Hacker Newsnew | past | comments | ask | show | jobs | submitlogin
Astrée Static Analyzer for C and C++ (absint.com)
91 points by transpute on Feb 3, 2023 | hide | past | favorite | 41 comments


The company behind Astrée, AbsInt, was founded by members of Professor Reinhard Wilhelm’s compiler research group at Saarbrücken university in Germany. They are well known for their WCET (worst case execution time) analyser aiT and one of the very successful examples in Germany which manages to transfer first class academic research results into practical real world applications. Happy to see their work mentioned here on hn!


Note that Astrée was developed in France, by researchers from Inria. AbsInt sells it packaged as a product (with support, etc), but the bulk of the research was done in the 2000's by researchers such as Cousot.

This is also the case with CompCert, which is still developed mostly by French researchers (with an open-source, non-commercial license), and packaged in commercial form by AbsInt.


Ah, good to know (and I guess this explains the accent aigu :)). Well, there's a lot of excellent CS research in France, too - and nice to see there's a collaboration (the French border is just around the corner from Saarbrücken).


If AbsInt is packing Cousot-adjacent work, does it stand for "ABStract INTerpretation"? Because that'd be cool.


From their website:

> The company name is an acronym for “abstract interpre­tation”, a sophisticated approach to static program analysis formalized by Patrick and Radhia Cousot at the Laboratoire d’Informatique, Grenoble in 1977. It is by implementing this approach that we were able to develop our unique, highly successful products.



Nice feature set. I was optimistic it was a free tool that I could use on some personal projects but after reading some of the features I was confident that it was definitely paid.


For C, Frama-C + Eva plug-in does essentially the same job as Astrée (with small differences of support for specific features) and is open-source and freely available.

(There is an experimental C++ front-end, but it is not ready for industrial size C++ that makes extensive use of the standard library)


Frama-C is big reason why I think learning and writing C makes still sense in 2023.
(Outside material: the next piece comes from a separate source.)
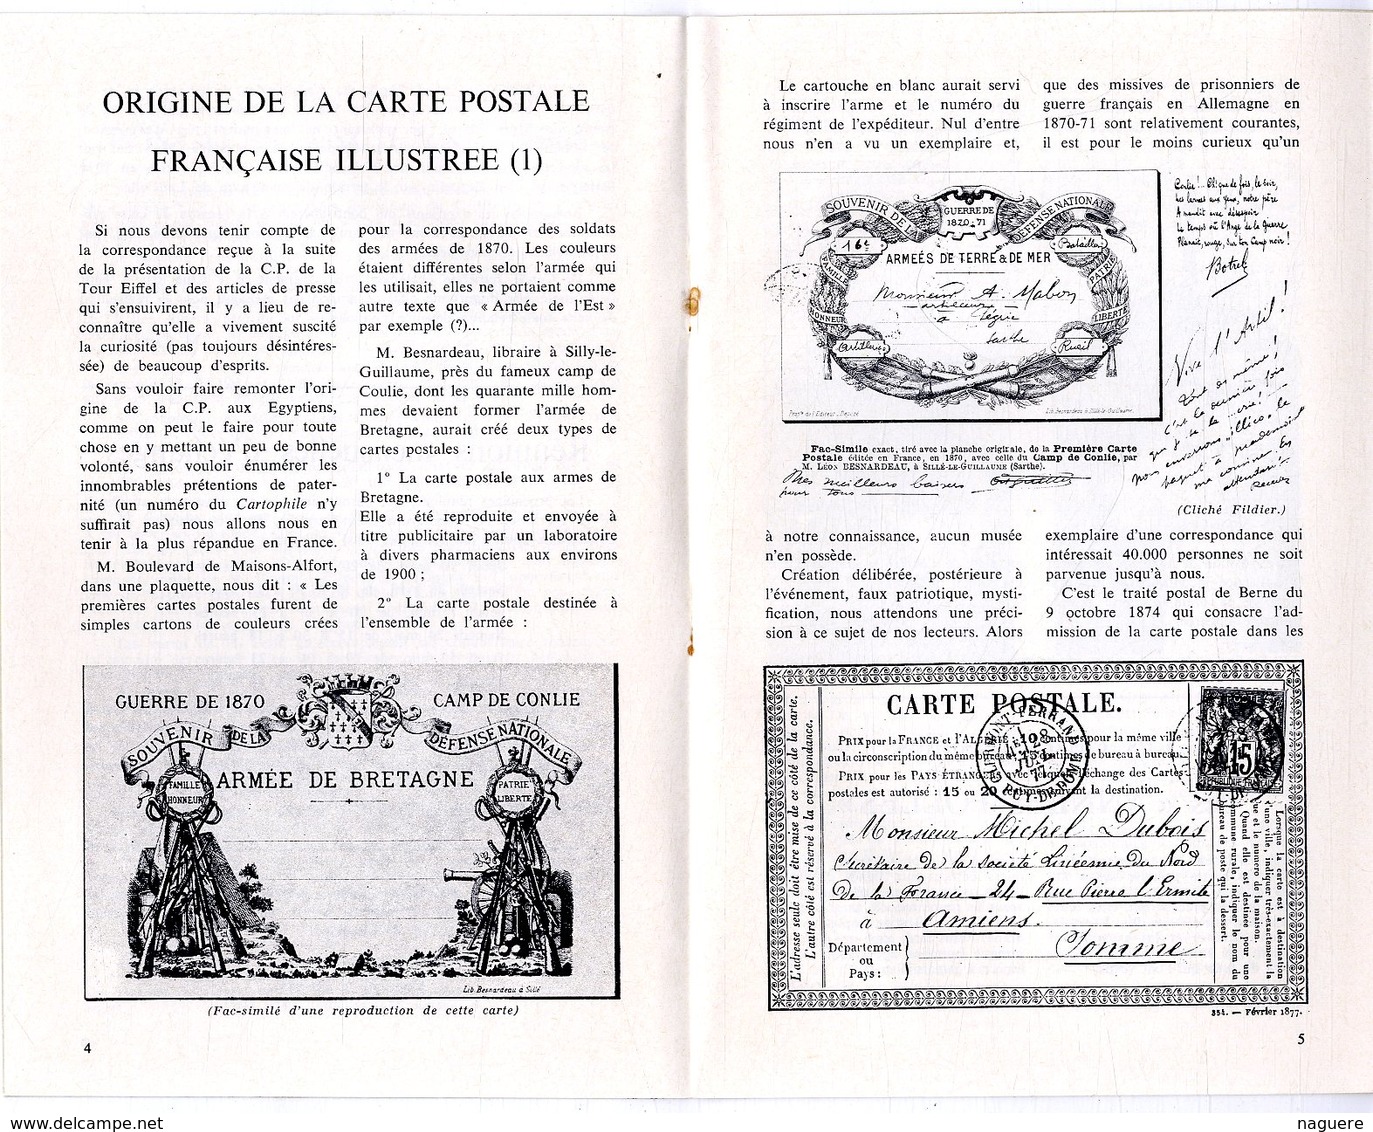 LE CARTOPHILE  MARS 1969  N° 12  -  16 PAGES   ORIGINE DE LA CARTE POSTALE ILLUSTREES  POUR LE PLAISIR Etc .. - Français

Not only paid, but presumably expensive enough that if you have to ask how much it costs, you probably can't afford it. I can't find a price for a license on their site. :-/


Abstract interpreters and static analyzers are really powerful and not that hard to implement, compared to the little competition we have in this space.

I am surprised with the lack of startups in the area. It's just a bit of abstract algebra. With Datalog, the barrier of entry is pretty low: https://arxiv.org/abs/2012.10086

I have personally implemented a few of the features provided by Astrée, e.g. array bounds check, using the ideas described in: https://link.springer.com/book/10.1007/978-3-662-03811-6


I thought abstraction interpretation on the level that astree claims to implement is supposed to be extremely hard, which is why almost nobody else tries to do it. I only know of two that try:

http://kestreltechnology.com/technology.html

https://github.com/NASA-SW-VnV/ikos



It took some eagle eye to spot the link, but they have the source in a self-hosted copy of gitlab: https://git.frama-c.com/pub/frama-c and a sibling repo is also interesting where they seem to apply analysis to some open source code as an example: https://git.frama-c.com/pub/open-source-case-studies


Also Mathworks Polyspace Code Prover: https://mathworks.com/products/polyspace-code-prover.html


I _think_ Perforce's QA-C uses abstract interpretation, but I'm not 100% sure.


You can add grammatech‘s codesonar


I believe the "level" referred to is soundness. Codesonar is self-admittedly not sound [1], and instead focuses on other valuable aspects of static analysis. It's a different type of tool.

[1] https://blogs.grammatech.com/how-sound-static-analysis-compl...


It's difficult to fund enough skilled programmers to work on stuff like this full time, and productionize the results in a coherent product. A good example is a sibling comment that says "it would mostly be easy except for the GUI" and that's assuming "no allocations." The things customers pay you for are often the hard parts like that stuff, not the theoretical parts you can enjoy from a PDF. It sucks, but it's true: you're selling a production quality tool to picky-ass programmers. I say this as someone who has a copy of that book you mentioned and has implemented type systems, domain specific analyzers, used datalog (Souffle) a lot, etc.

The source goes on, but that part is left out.